Spaghetti squash

Spaghetti squash is one of the more unusual vegetables you’ll find at the farmers market.

When raw, the flesh is solid and similar to other unprepared squashes. When cooked, the flesh pulls away from the shell in ribbons or strands that look like spaghetti. and can in fact be used as an alternative to grain-based pasta. 

The squash can be prepared in a variety of ways, including baking, boiling, steaming, or microwaving. It can be served with or without sauce as a substitute for spaghetti, and its seeds can be roasted, similar to pumpkin seeds.

Spaghetti squash contains many nutrients, including folic acidpotassium, and beta carotene. It is low in calories, averaging 42 calories per 1-cup serving.

It’s a winter squash with tough skin and long-term storage attributes, but it can be grown and harvested like summer squash and used in any season.

It’s also known as vegetable spaghetti, noodle squash, Mandarin squash, and vegetable marrow.
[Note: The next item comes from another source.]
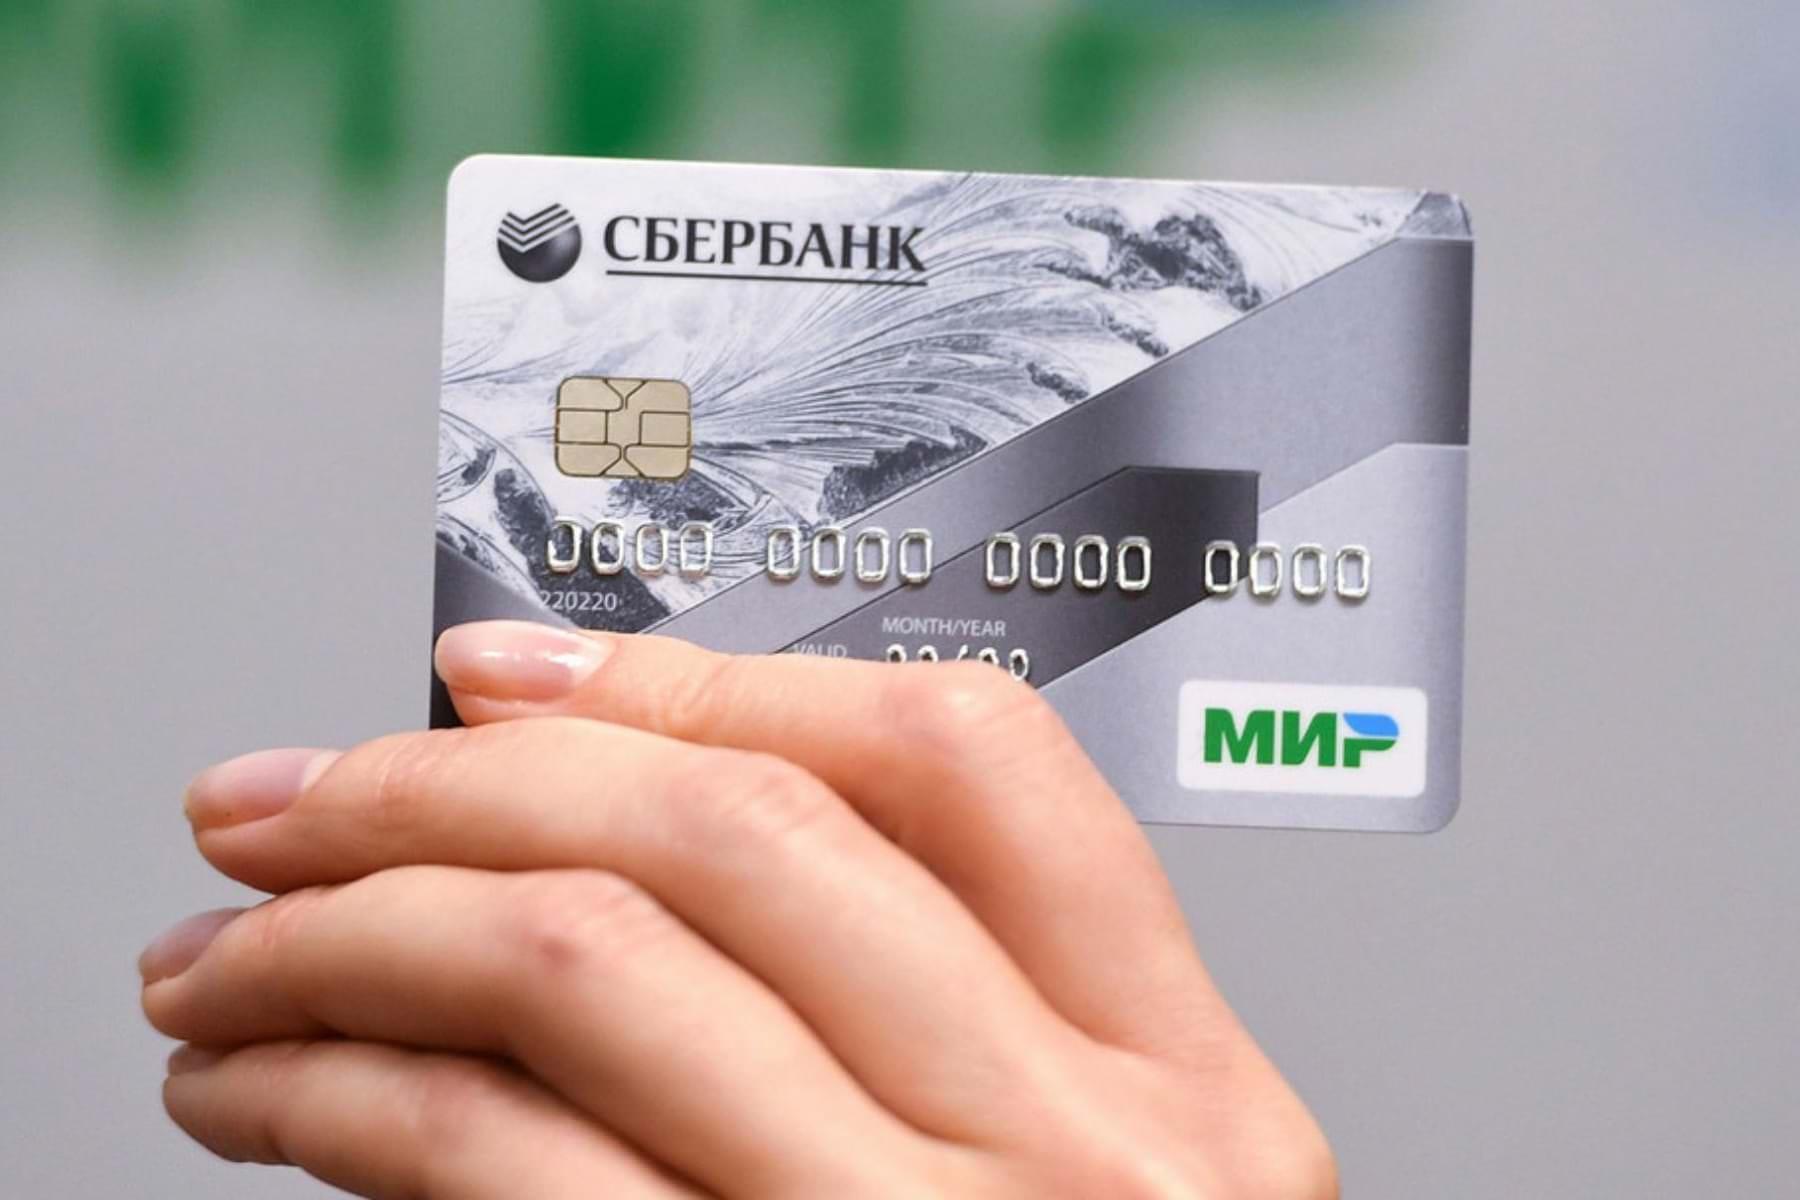 Карта метро г.москвы скачать

It characteristically grows on long, thin vines across a wide area, bearing many sizeable melons over a long harvest period. Newer “bush” varieties grow on shorter vines with smaller, “personal size” fruit.

When ready for harvest, it typically is a tan or pinkish color. The bush cultivars are often yellow.
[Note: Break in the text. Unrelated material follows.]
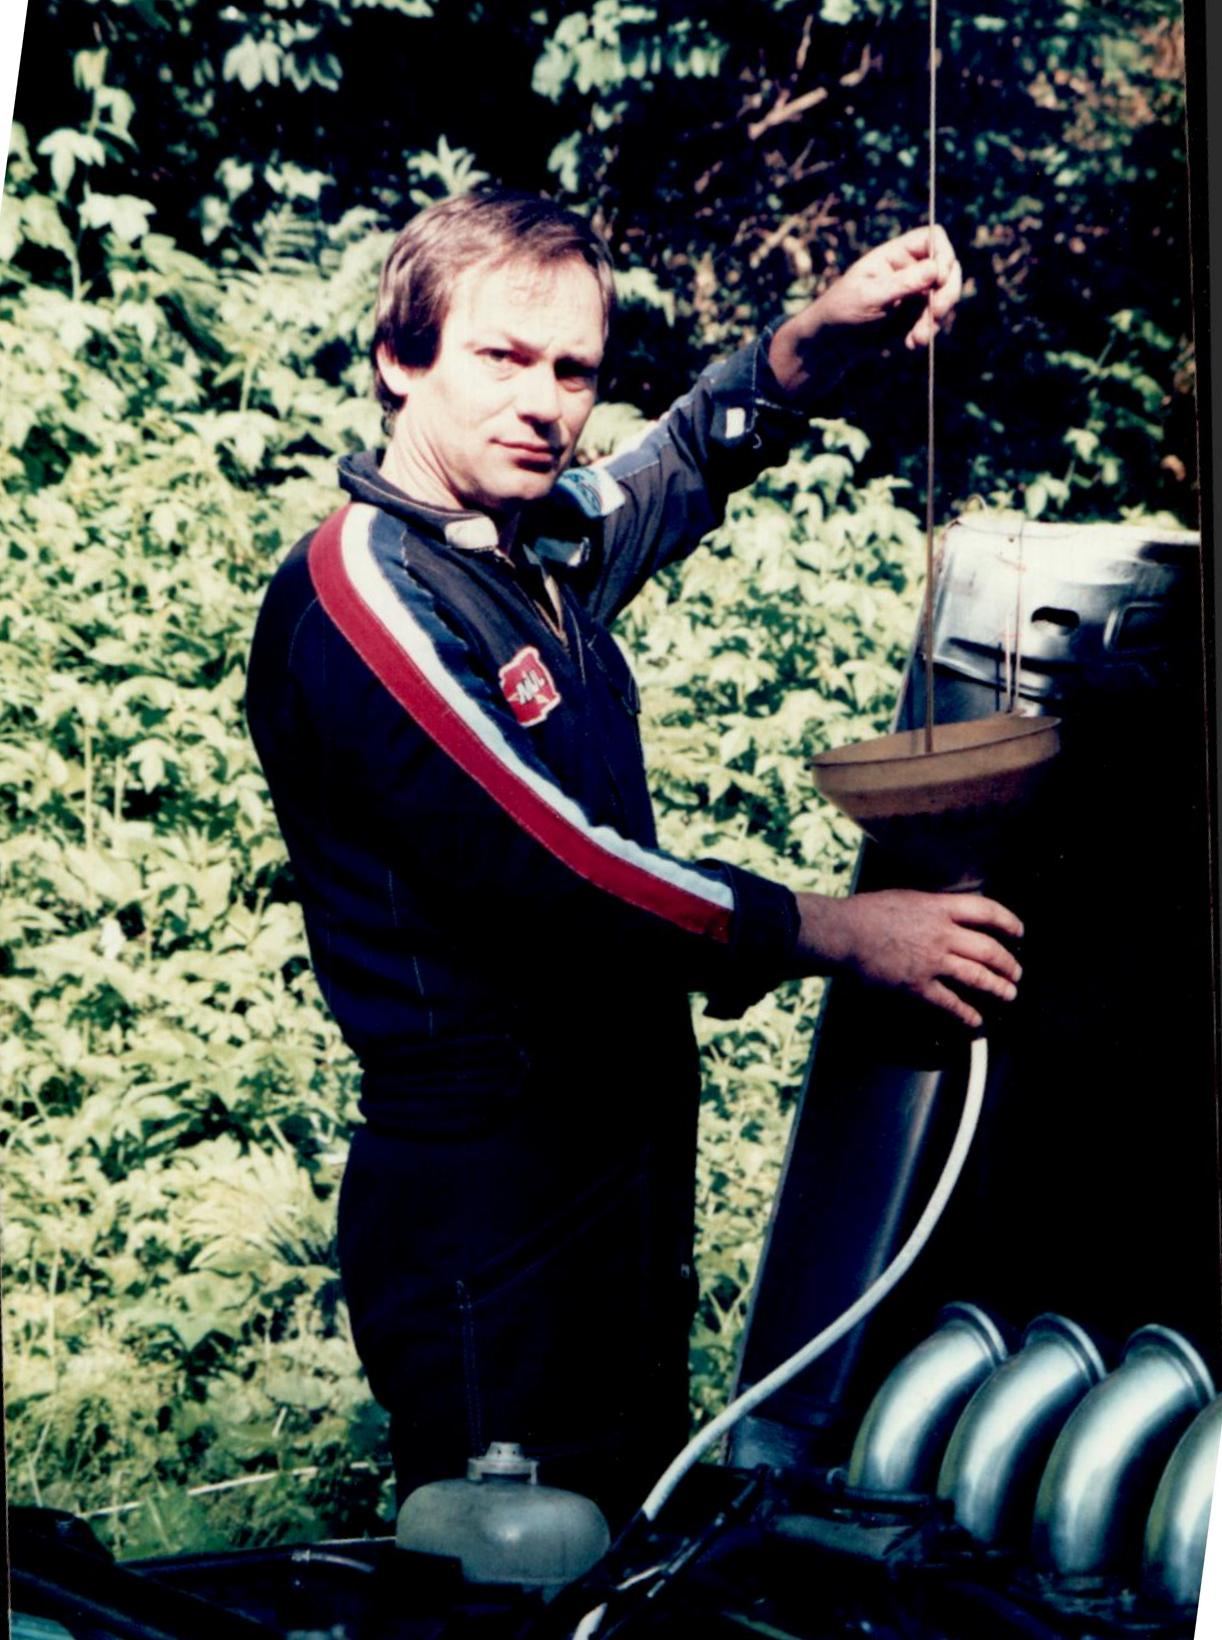 1985 Ste. Cécile

All squash is native to Central America and was introduced to the rest of the world via explorers and trade routes by land and sea, and spaghetti squash was first recorded in Manchuria, China in 1850. While it isn’t known how the squash arrived in China, it was a popular food source for villages and was widely used in the countryside of northern Manchuria in the 1920s.

Images of the Manchuria area have been found that depict a woman with her child cutting spirals of spaghetti squash using a rod on a sawhorse. The flesh was commonly collected from the squashes in this way and then hung up to dry in the sun. The dried squash provided a nutritious food source that would last during the cold winter months.

The squash was first introduced to Japan in 1921 by the Aichi Prefectural Agricultural Research Station. In 1934, the Sakata Seed Co. in Japan developed an improved variety and was the first to market the spaghetti squash under the name Somen Nankin commercially.

W. Atlee Burpee and Co. brought the squash to North America in 1936 and sold seeds in their catalog under the name “vegetable spaghetti”. It was not immediately popular, and it took several years to gain acceptance. But during World War II it was used as a substitute for pasta at a time when processed foods were harder to obtain.

Today spaghetti squash is widely available at farmers markets, grocers, and through online seed catalogs in North America, Central America, South Africa, Europe, Asia, and Australia.